Interview: KÜCHENK(R)AMPF

„Der Umbau einer Küche ist eine planerische Meisterleistung“

FIZZZ-Autor Jan-Peter Wulf im Gespräch mit Moritz Grumbach, dem Geschäftsführer des Großküchenplaners „Gastrando“, über die Modernisierung bestehender Küchen, Gerätetrends und warum senkrecht das neue waagerecht ist.

Kann Küchenplanung in einer bereits bestehenden Gastronomieküche helfen, Kosten zu sparen und wenn ja, wie?

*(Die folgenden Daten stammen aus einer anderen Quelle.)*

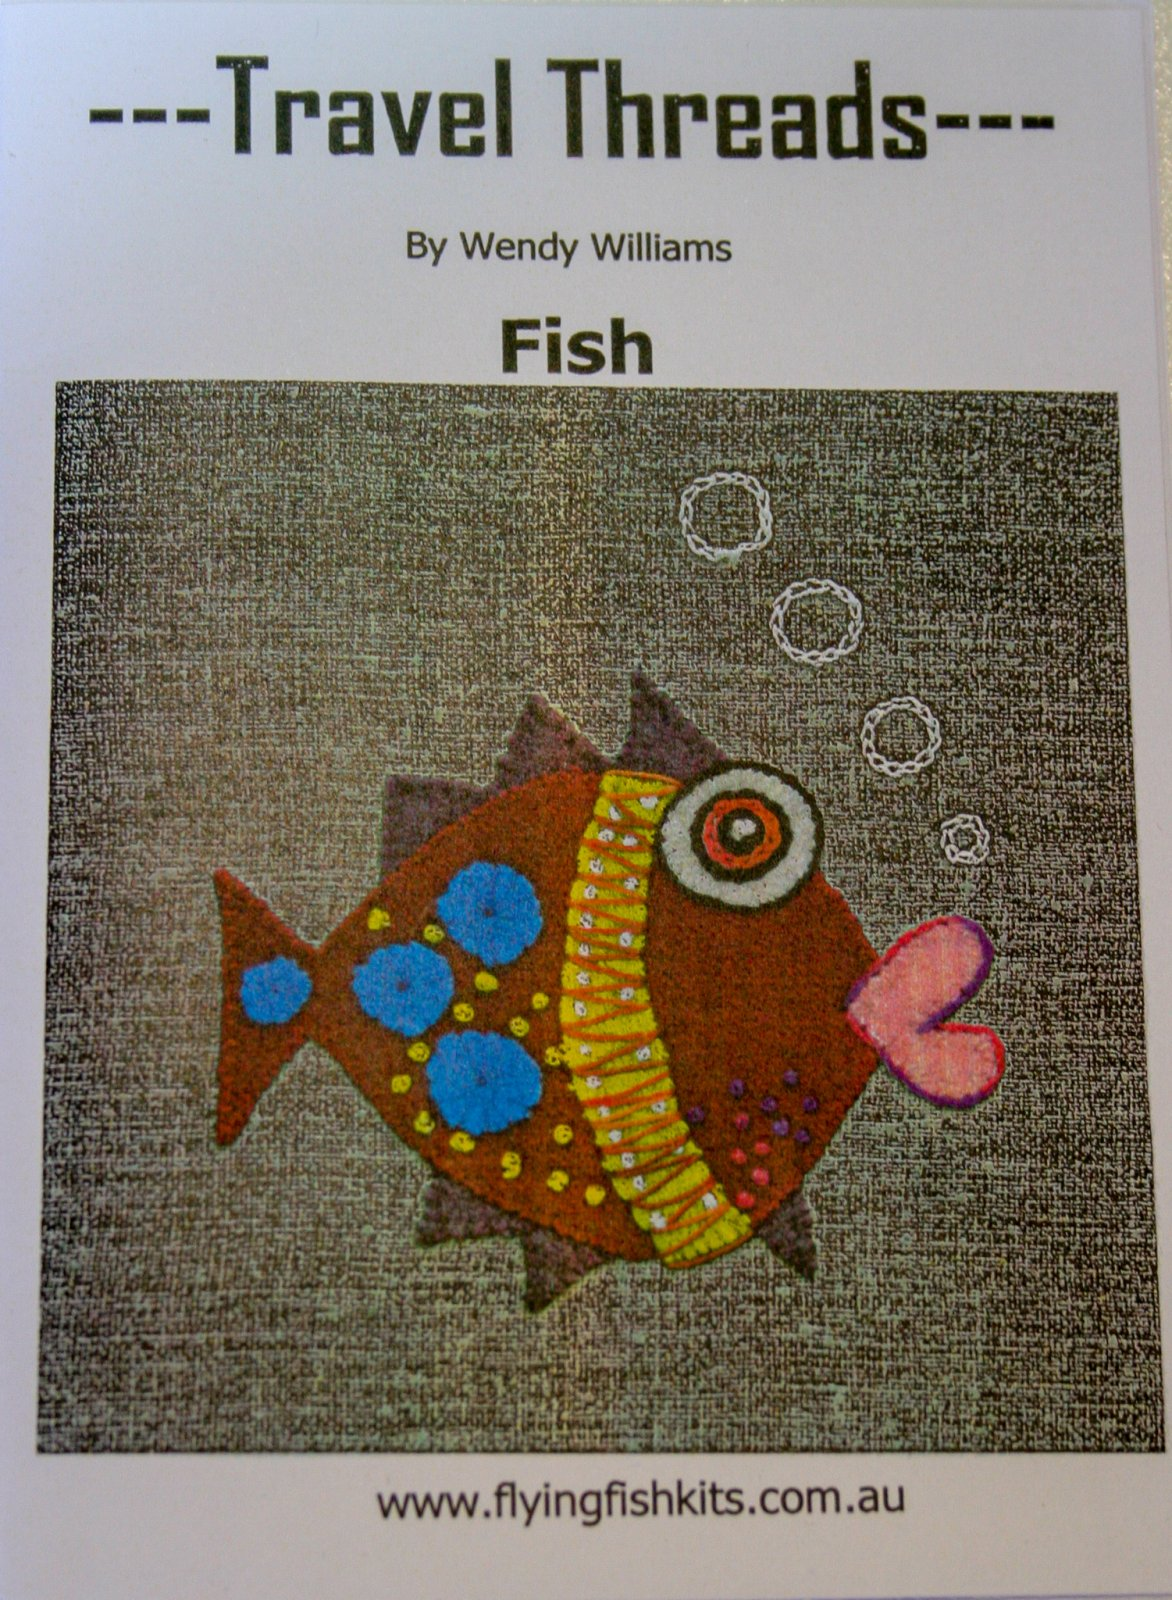 Wendy Williams : Travel Threads - Fish

Eine Küchenumplanung kann insofern Kosten senken, als dass die Arbeitsplätze optimiert werden. Optimierung ist hier keine Floskel, sondern das Ergebnis der Anpassung von Arbeitsplätzen an Arbeitsabläufe. Im Klartext: kurze Wege, Vermeidung von Überproduktionen durch Platz- und Zeitmangel und Vermeidung von Gesundheitsgefährdungen und krankheitsbedingte Ausfälle durch bessere Ergonomie. Das ist ein Effekt der sich auch Eins-zu-Eins in der Qualität der Produkte widerspiegelt.

 

Mit welchen Küchengeräten lassen sich Energiekosten sparen?

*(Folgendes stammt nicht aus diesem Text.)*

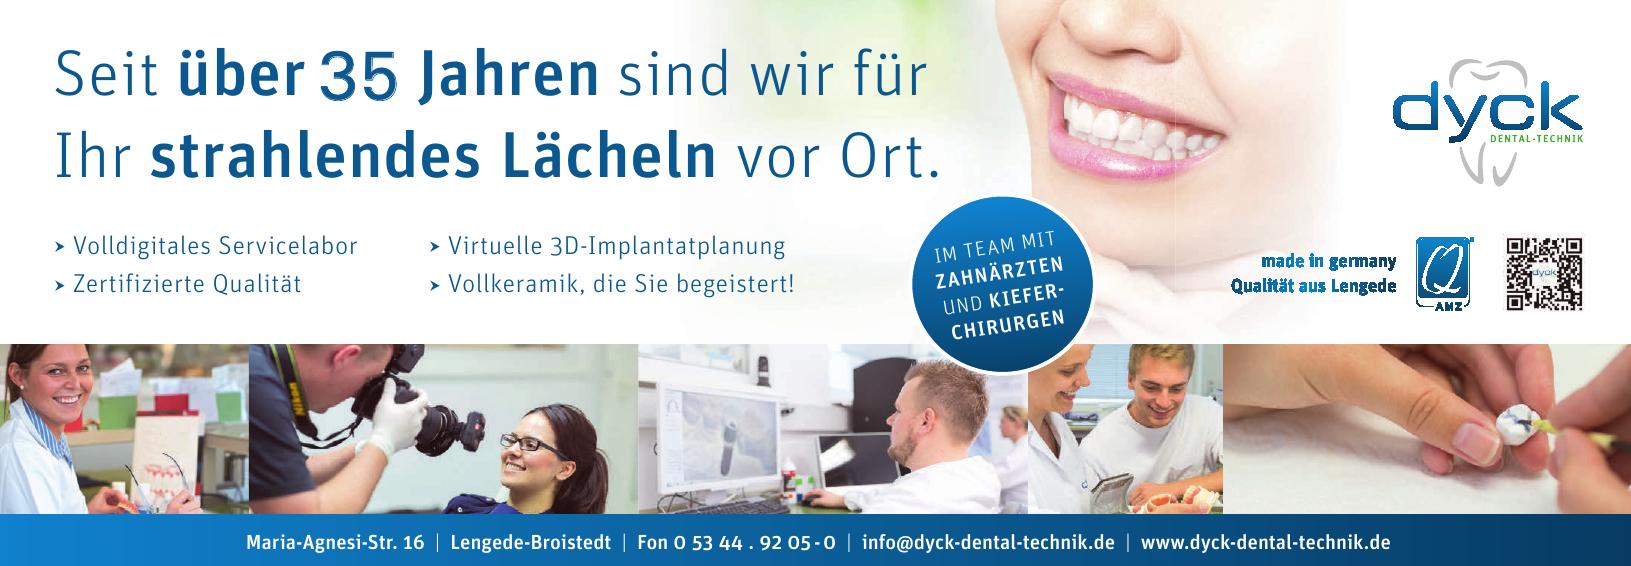 Dyck Dental-Technik

Mit allen. Aufgrund der Energieeinsparverordnung sind die Hersteller heute alle verpflichtet, den Energieverbrauch anzugeben und ich als Kunde kann entscheiden, was ich nehme. Dazu kommt die Verpflichtung, ab einer gewissen Größenordnung der Küche eine Energierückgewinnung einzubauen. Herdanlagen, die mit Ceranfeldern und Gas betrieben werden, sind nach heutigem Standard nicht mehr effizient, da man viel Energie am Topf vorbei und als Nachlaufenergie vergeudet. Diese Energie, die nicht direkt im Topf genutzt wird, wird in den Raum, sprich in die Küche abgegeben, die ich dann mit höherem Aufwand be- und entlüften, und im Extremfall sogar kühlen muss.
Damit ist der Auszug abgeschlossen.